OBJECTIVE: To determine the impact of surveillance on recurrence pattern, treatment, survival and health-related quality-of-life (HRQL) following curative-intent resection for esophageal cancer. SUMMARY BACKGROUND DATA: Although therapies for recurrent esophageal cancer may impact survival and HRQL, surveillance protocols after primary curative treatment are varied and inconsistent, reflecting a lack of evidence.
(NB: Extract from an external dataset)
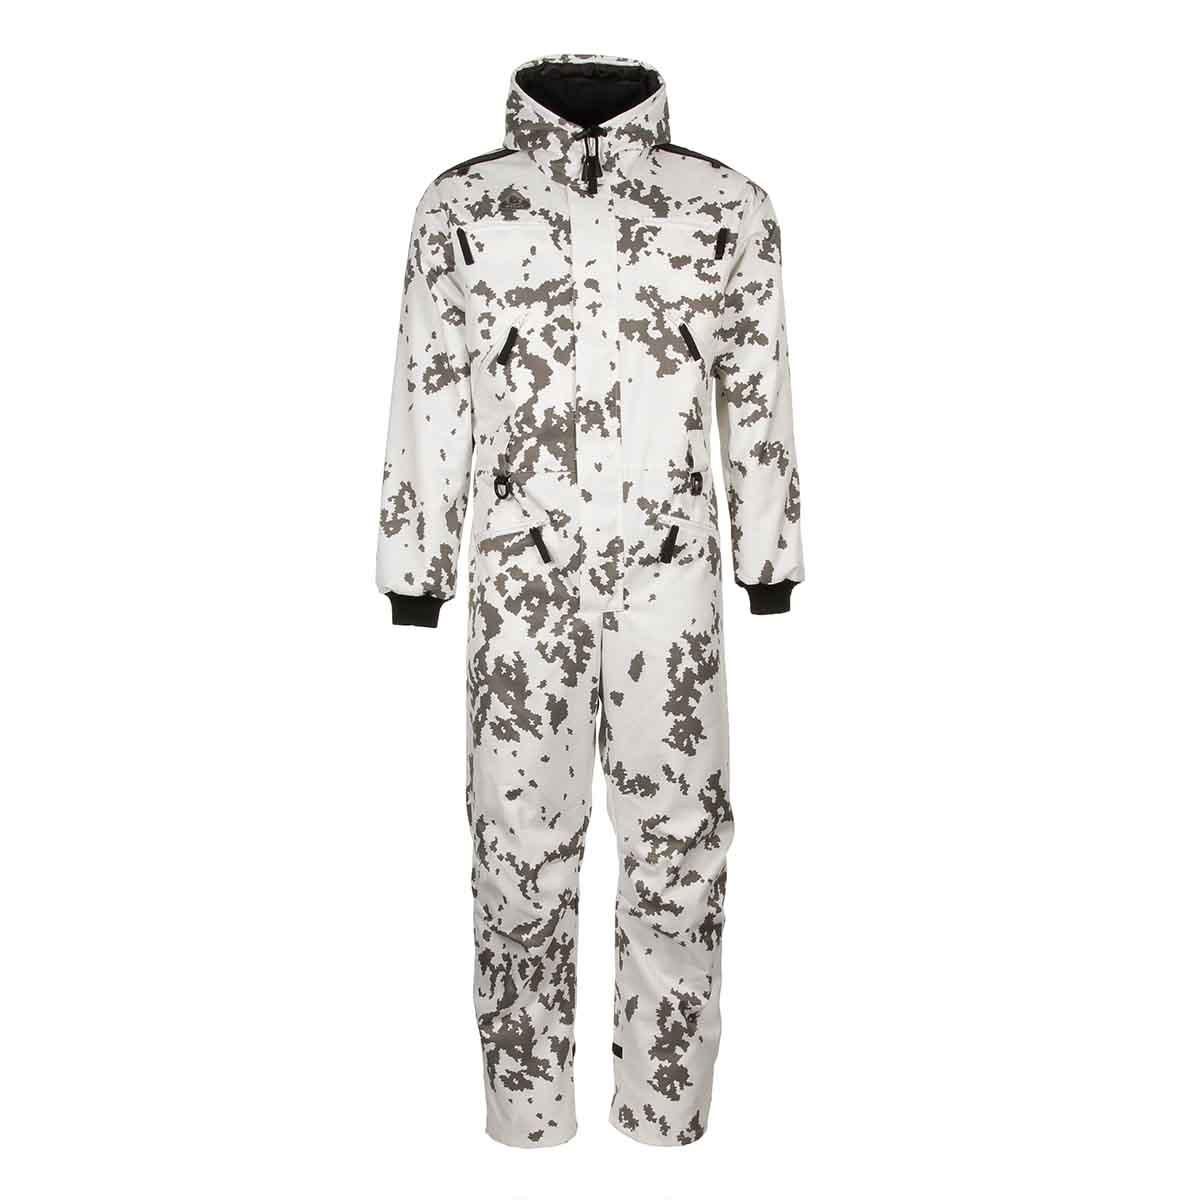 Hylje Snow Camo M05 Haalari Snow Camouflage 1 1200x1200

METHODS: European iNvestigation of SUrveillance after Resection for Esophageal cancer was an international multicenter study of consecutive patients undergoing surgery for esophageal and esophagogastric junction cancers (2009-2015) across 20 centers (NCT03461341). Intensive surveillance (IS) was defined as annual computed tomography for 3 years postoperatively. The primary outcome measure was overall survival (OS), secondary outcomes included treatment, disease-specific survival, recurrence pattern, and HRQL. Multivariable linear, logistic, and Cox proportional hazards regression analyses were performed. RESULTS: Four thousand six hundred eighty-two patients were studied (72.6% adenocarcinoma, 69.1% neoadjuvant therapy, 45.5% IS). At median followup 60 months, 47.5% developed recurrence, oligometastatic in 39%. IS was associated with reduced symptomatic recurrence (OR 0.17 [0.12-0.25]) and increased tumor-directed therapy (OR 2.09 [1.58-2.77]). After adjusting for confounders, no OS benefit was observed among all patients (HR 1.01 [0.89-1.13]), but OS was improved following IS for those who underwent surgery alone (HR 0.60 [0.47-0.78]) and those with lower pathological (y)pT stages (Tis-2, HR 0.72 [0.58-0.89]). IS was associated with greater anxiety ( P =0.016), but similar overall HRQL. CONCLUSIONS: IS was associated with improved oncologic outcome in select cohorts, specifically patients with early-stage disease at presentation or favorable pathological stage post neoadjuvant therapy. This may inform guideline development, and enhance shared decision-making, at a time when therapeutic options for recurrence are expanding.